A través de las ventanas se veía un panorama espléndido; un cielo claro y limpio
cubría la Tierra. En el patio, el Padre estaba entregado a una gran actividad. Cuando
se cansaba levantaba la vista hacia la ventana en la que estaba Ginnistan; ésta le
echaba toda clase de golosinas. La Madre y el hijo salieron para ayudar dondequiera
que se les necesitara y para preparar la realización del proyecto. El Escriba iba
manejando la pluma y hacía una mueca siempre que necesitaba preguntarle algo a
Ginnistan —que tenía una memoria excelente y retenía todo lo que había ocurrido—.
Muy pronto volvió Eros; traía una hermosa coraza, en torno a la cual llevaba atado, a
modo de faja, el pañuelo de colores que le había regalado Ginnistan; Pidió consejo a
Sofía: le preguntó cuándo y cómo debía emprender el viaje. El Escriba, indiscreto y
entrometido, se apresuró a ofrecer un detallado plan de viaje, pero sus proposiciones
no fueron escuchadas.
«Puedes marcharte enseguida; Ginnistan te acompañará —dijo Sofía—; sabe el
camino y la conocen bien en todas partes. Para no tentarte tomará la forma de tu
madre. Si encuentras al Rey piensa en mí, entonces yo vendré en tu ayuda».
Ginnistan cambió su figura con la de la Madre —cosa que pareció gustarle mucho
al Padre. El Escriba se alegró de que los dos se marcharan; sobre todo porque, al
despedirse, Ginnistan le regaló un librillo en el que había ido anotando con todo
detalle la crónica de la familia. Lo único que le pesaba era que Fábula se quedara;
para estar tranquilo y contento no hubiera deseado otra cosa que verla entre los que se
marchaban. Eros y Ginnistan se arrodillaron ante Sofía; ésta les bendijo y les dio una
vasija llena de agua de la copa para que la llevaran durante el viaje. La Madre estaba
muy afligida. La pequeña Fábula hubiera querido acompañarlos; el Padre estaba
demasiado ocupado fuera de la casa para interesarse vivamente en todo lo que estaba
ocurriendo.
Era de noche cuando partieron; la Luna estaba en lo alto del cielo.

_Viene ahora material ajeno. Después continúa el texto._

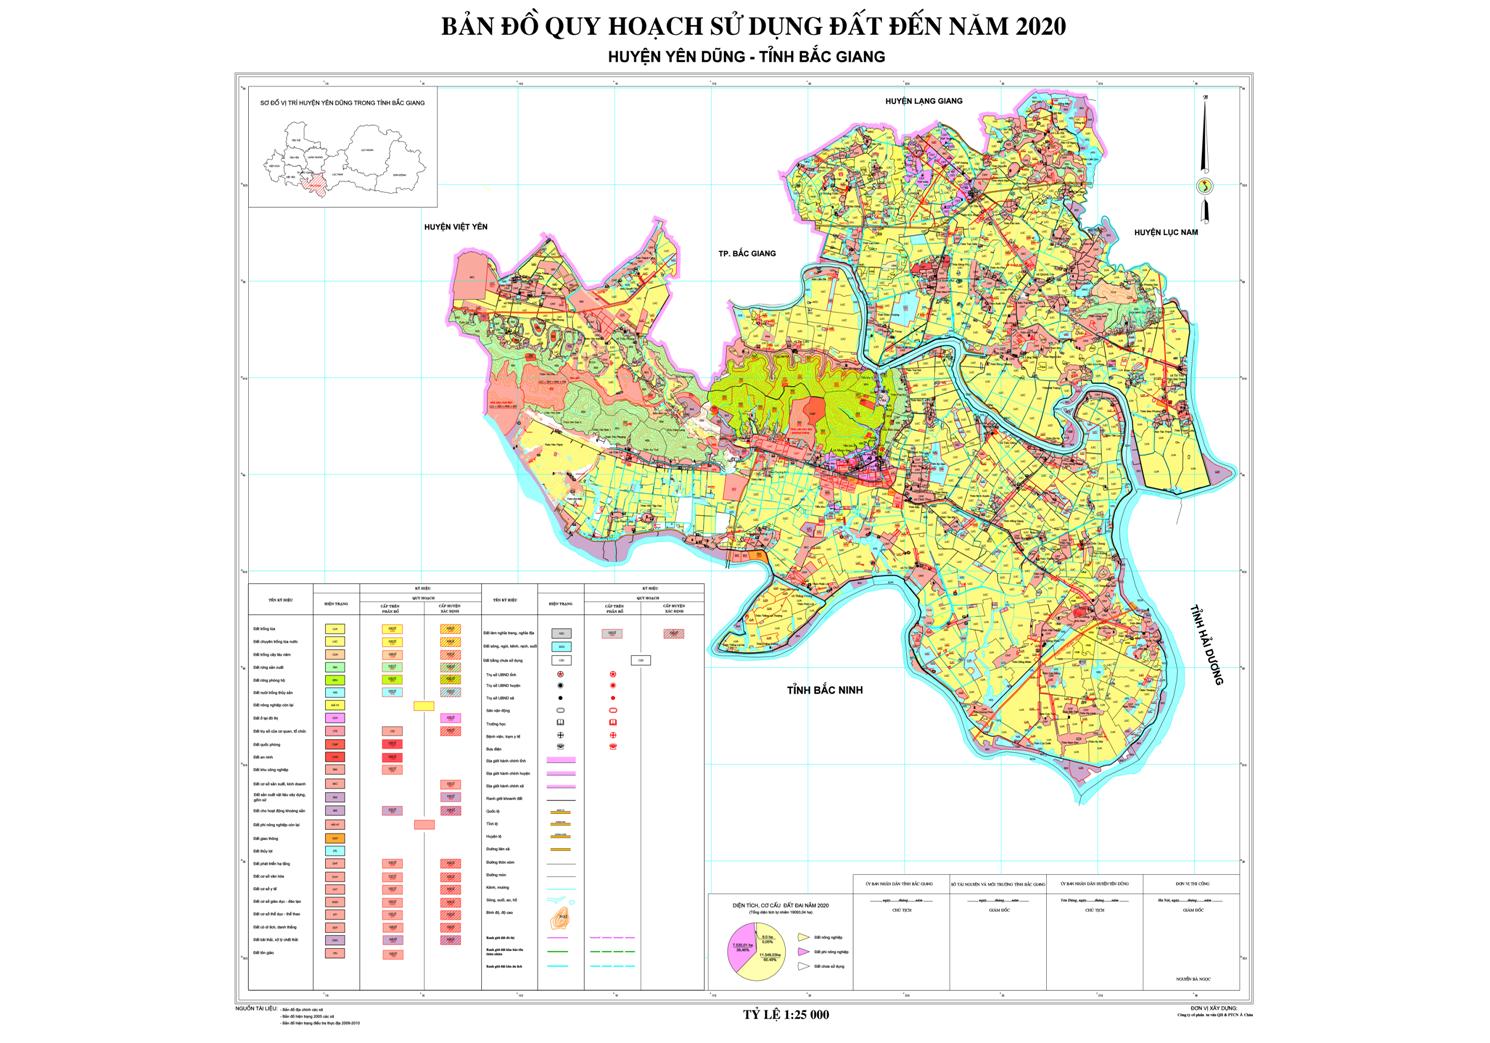 Bản đồ quy hoạch sử dụng đất huyện Yên Dũng đến năm 2020
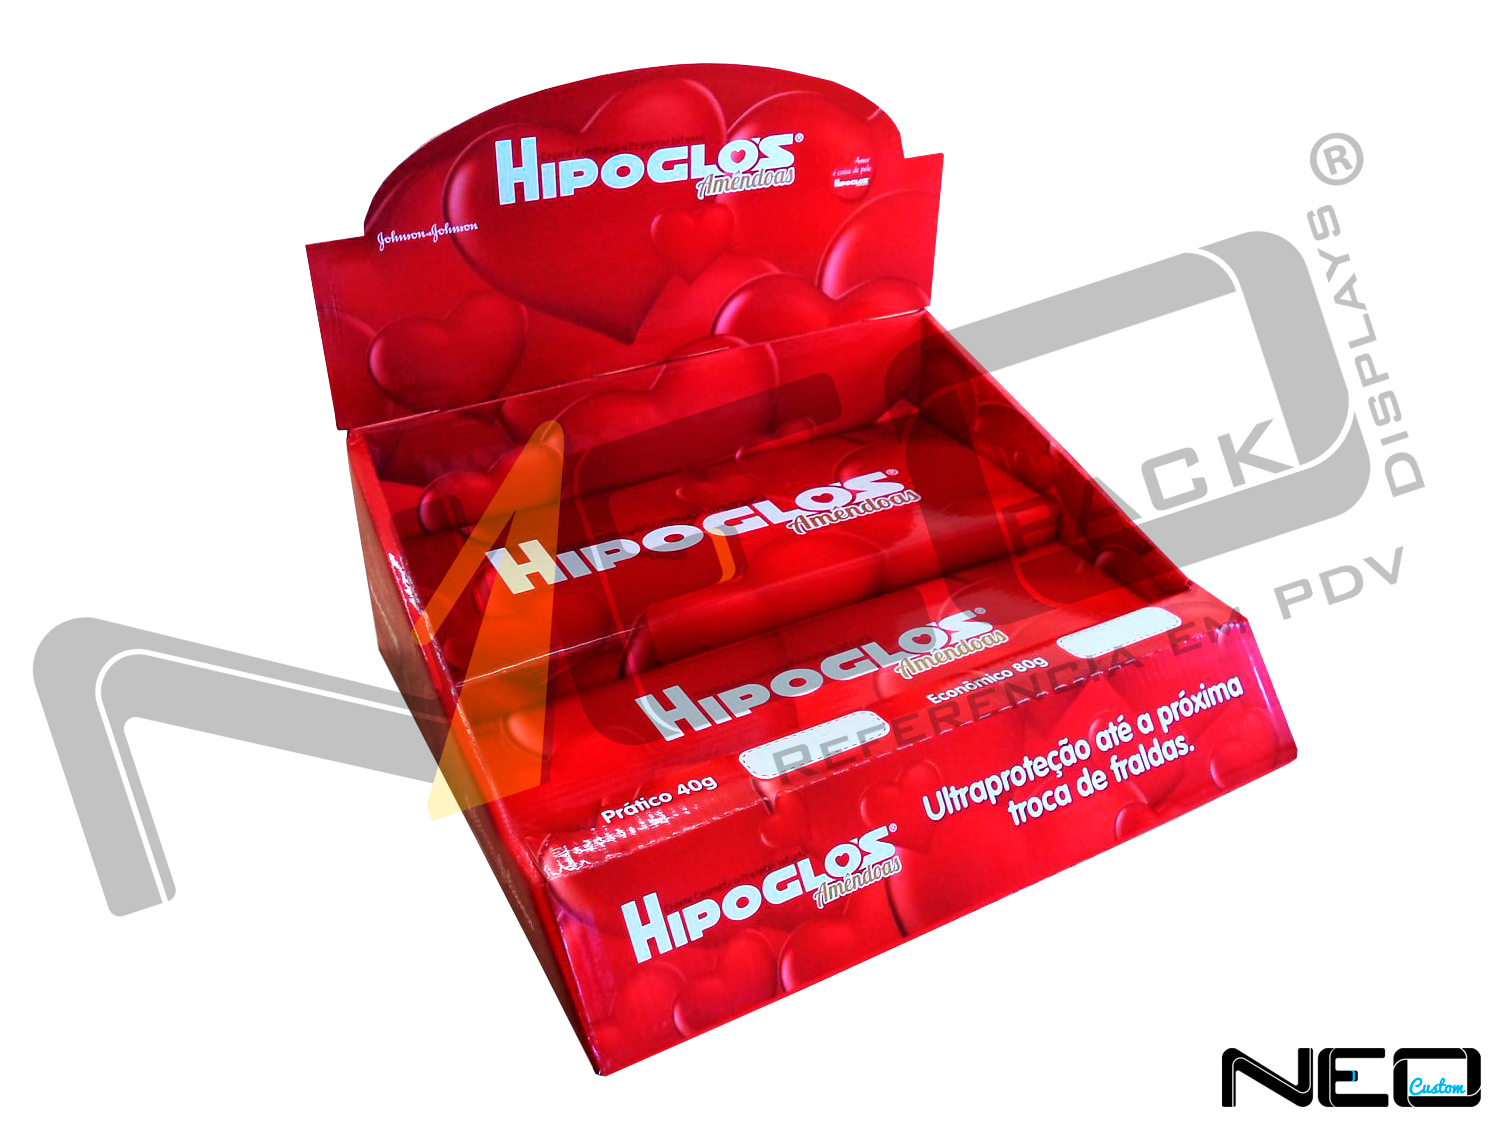 display de papelão expositor site_neopack_produtos_displaybalcao_hipoglos-1500x1126

—Eros, querido —dijo Ginnistan—, debemos darnos prisa: tenemos que ir a ver a
mi padre[41], hace tanto tiempo que no me ha visto y ha estado buscándome con una
nostalgia tan grande por toda la Tierra… ¿No ves su cara pálida y consumida por el
dolor? Tú darás testimonio de que soy yo, para que así me conozca bajo esta figura
extraña.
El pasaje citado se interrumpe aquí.